McMoneagle believes that anybody can be trained in remote viewing (no psychic gifts required). However, it requires a huge commitment and a highly disciplined mind. Using the analogy of martial arts, McMoneagle sees RV training in levels, starting with white belt where viewers can expect to see a gestalt (an overall impression) of a target. By the time readers reach the red-black belt-great master, McMoneagle claims they will have gained "a near-perfect union of one's paranormal talent blended within extant reality.
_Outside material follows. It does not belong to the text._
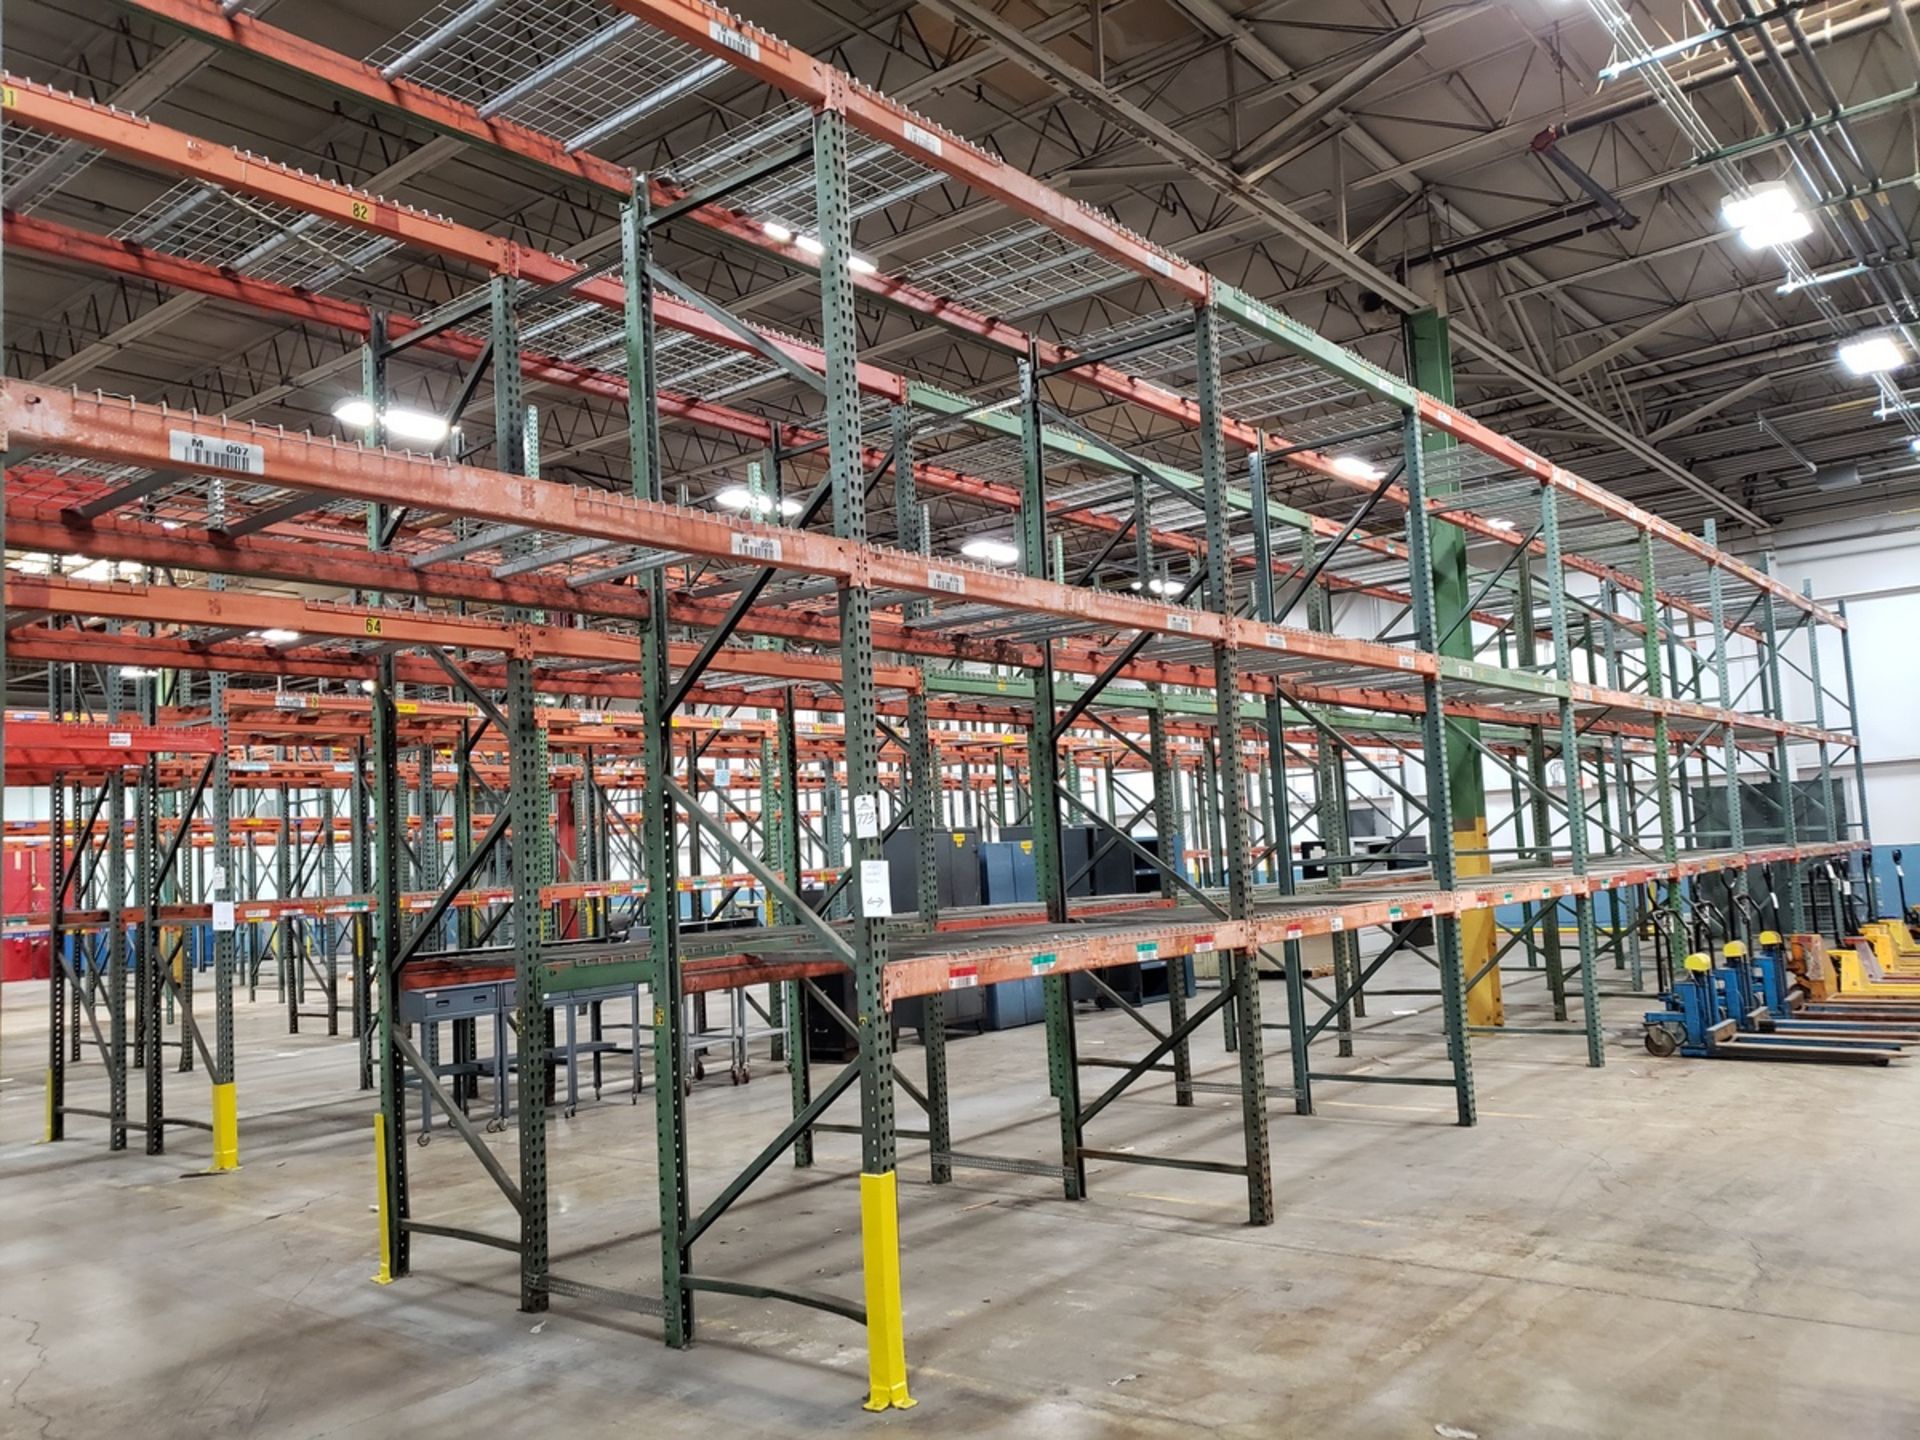 Pallet Rack Section, W/ (2) 42" X 18' Uprights, (4) 42" X 15' Upr - Subj to Bulk | Rig Fee: See Desc
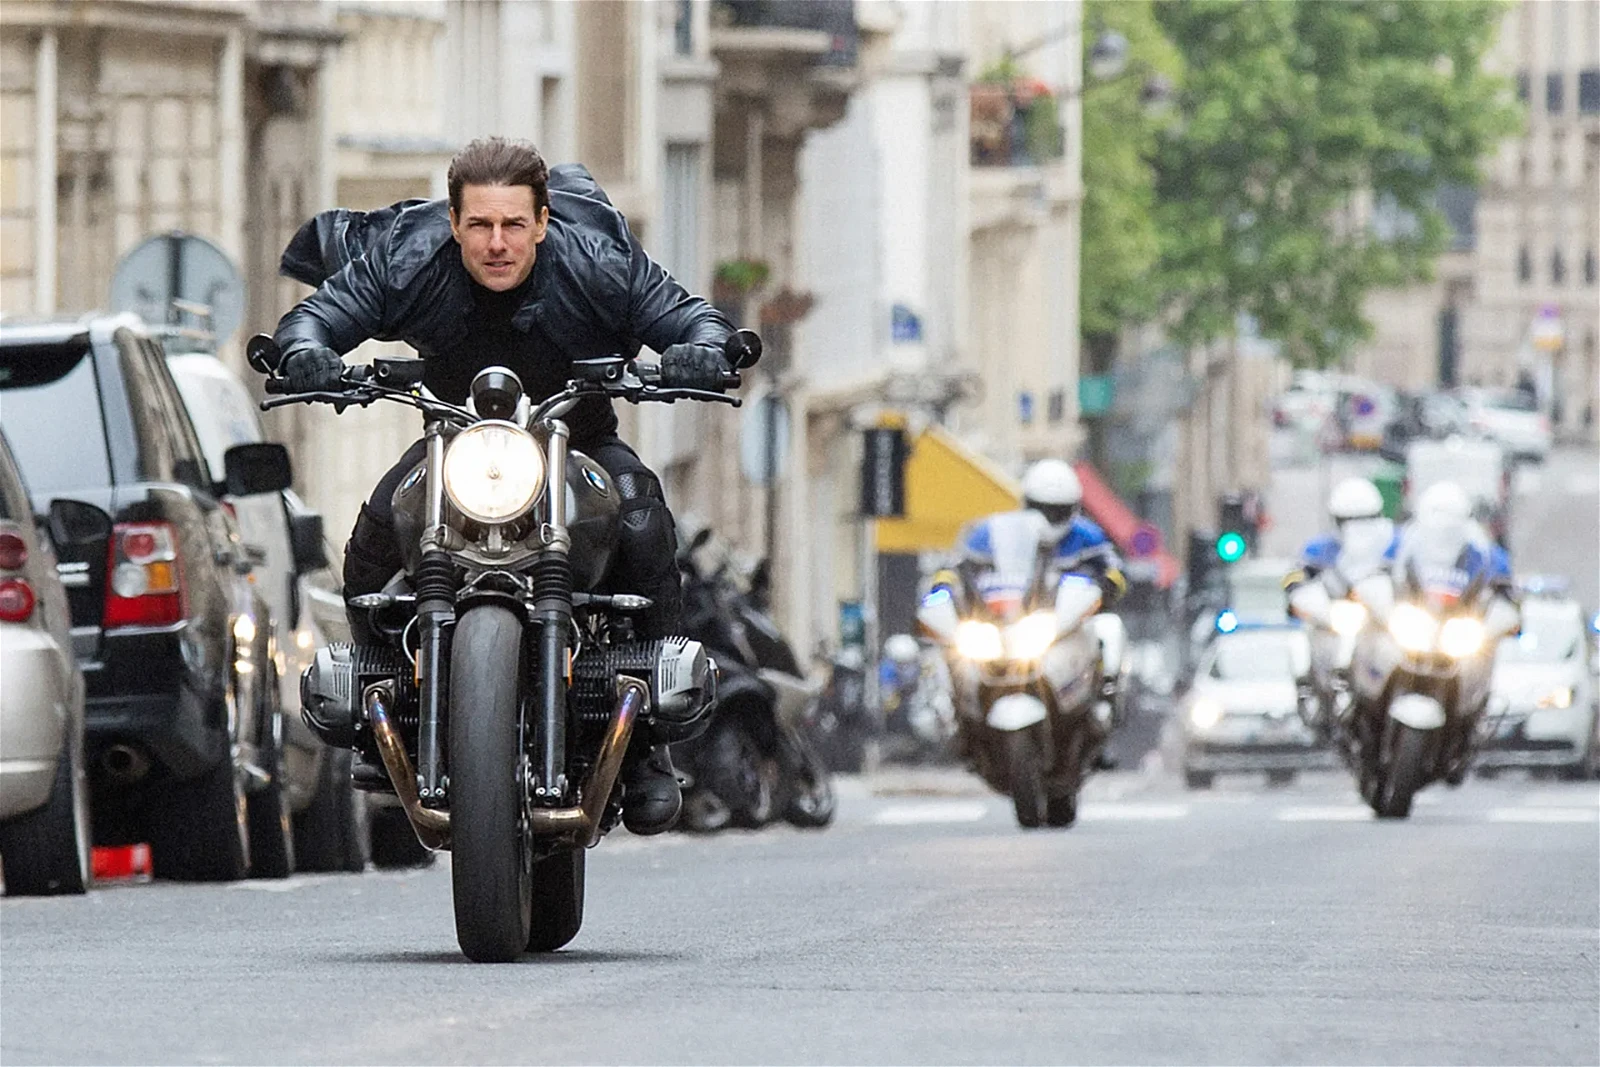 Hollywood franchise Mission Impossible

People who reach this level no longer have to think about it, they simply do." Although readers won't become a great master by reading this one book, McMoneagle does provide a comprehensive training program as well as important chapters on the ethics, protocol, and applications of remote viewing. --Tara West
From Library Journal
"Remote viewing" is the ability to perceive psychically and describe unknown objects, people, places, or events. McMoneagle (Mind Trek, The Ultimate Time Machine), a former U.S. Army officer who worked for the Army Intelligence and Security Command (INSCOM), was recruited for the top-secret remote-viewing program known as STARGATE. Other books on this subject (e.g., Jim Schnabel's Remote Viewers, Dell, 1997; David Morehouse's Psychic Warrior, St. Martin's, 1996) are more biographical; McMoneagle instead offers basic definitions, examples, and qualifications that would be needed by the potential remote viewer. The second half of the book includes detailed training methods, technical applications, and protocols omitted in his previous titles. Because there is a lot of new information here, this is recommended for larger public and academic libraries.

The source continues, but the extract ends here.